The lure of trade and resources prompted Europeans to push ever further into the Americas, making inroads into the continent while increasingly encroaching on Indigenous land. Intertribal competition at times allowed Europeans to employ divide and conquer strategies, but just as often, Indigenous peoples turned European rivalry and competition to their own advantage. Indigenous people were not simply pawns in European colonization—they had agency and carved out their own lives amid colonization, warfare, and disease.
Some Indigenous communities banded together to form confederacies or tribal groups. Others raided neighboring groups to take captives, a practice in effect among many tribes prior to European arrival, but one that seems to have been exacerbated by European arrival. For example, many Iroquois (Haudenosaunee) groups engaged in Mourning Wars to take captives in order to adopt them into Iroquois communities and boost populations. Some scholars suggest that the Beaver Wars of the 17th century served as an escalation of this tradition in part as a response to smallpox epidemics. Some indigenous groups—like the Iroquois, Cherokee, and Comanche—managed to grow more powerful, in part by controlling trade routes, acquiring horses or firearms, and negotiating strategically with European powers.
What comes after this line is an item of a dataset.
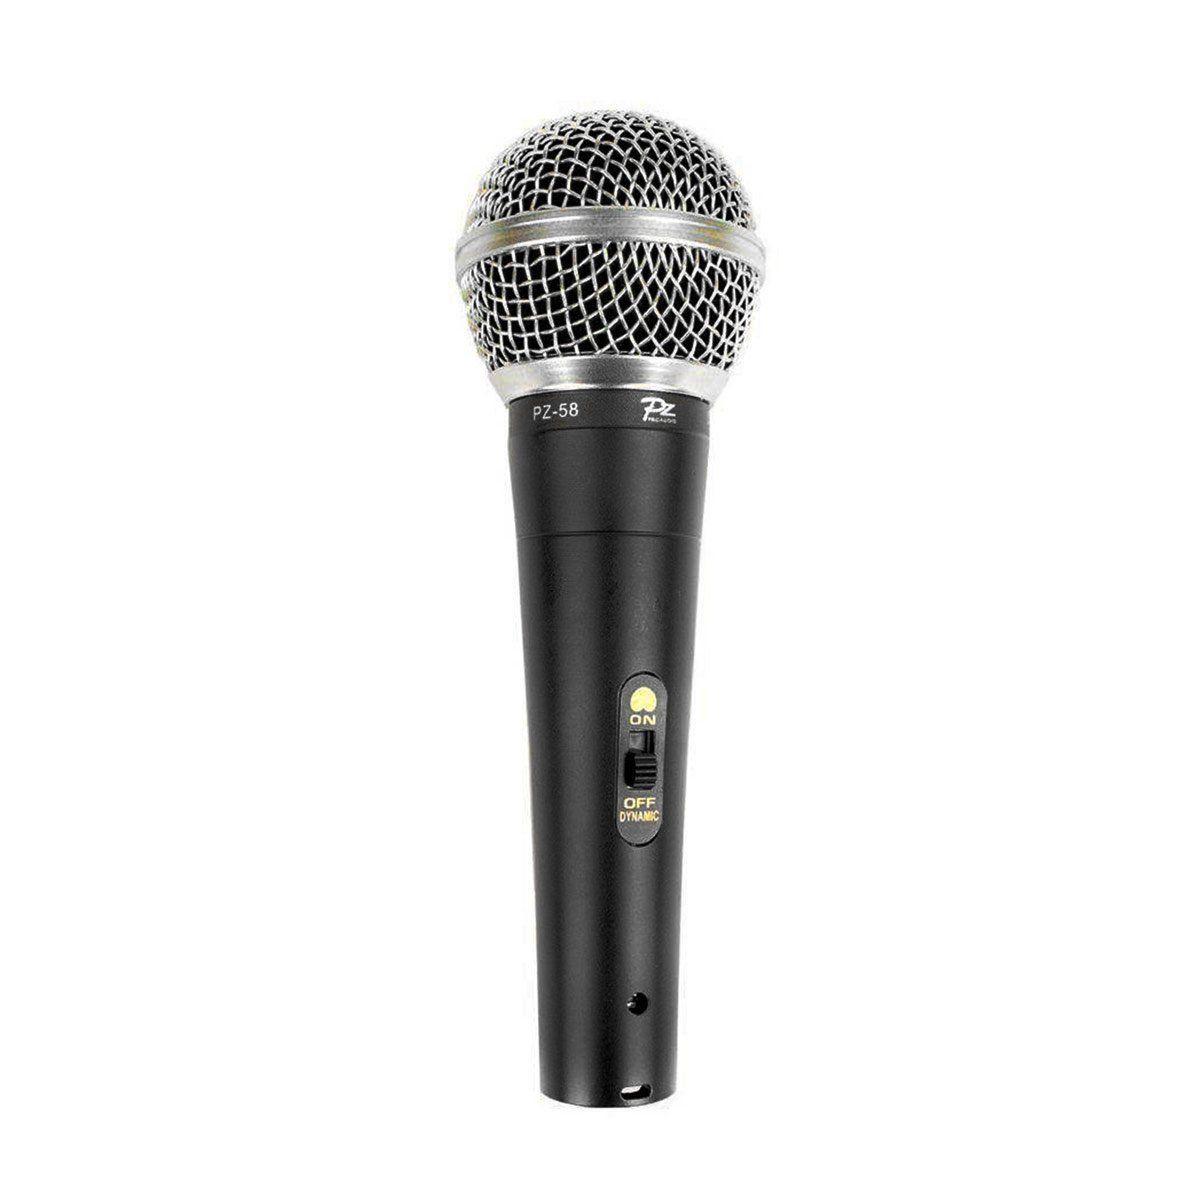 Microfone com fio de Mão Voxtron By PZ VOX PZ 58 Dinamico c/ chave Liga/Desliga

Many Indigenous groups also served as crucial links in growing trade networks, facilitating the exchange of furs, horses, guns, and other goods across vast regions and using these links as leverage. The Iroquois, for example, used diplomacy and shifting alliances to protect their autonomy and expand their influence throughout the Great Lakes and Ohio Valley, often playing the English and French against one another. The Comanche emerged as a dominant force on the southern Plains by adopting the horse and expanding their territory and power, conducting trade and raids across the vast region.
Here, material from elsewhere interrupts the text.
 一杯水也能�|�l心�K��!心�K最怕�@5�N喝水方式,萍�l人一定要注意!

Other Indigenous communities found themselves displaced by settler encroachment or military defeat, especially as European settlements expanded. Some were pushed into marginal lands or migrated to new areas, displacing neighboring groups and further exacerbating tensions over resources, as seen in Bacon's Rebellion. Thus, even in the face of growing European power, Indigenous nations remained central actors in the shaping of North America’s political and economic landscape.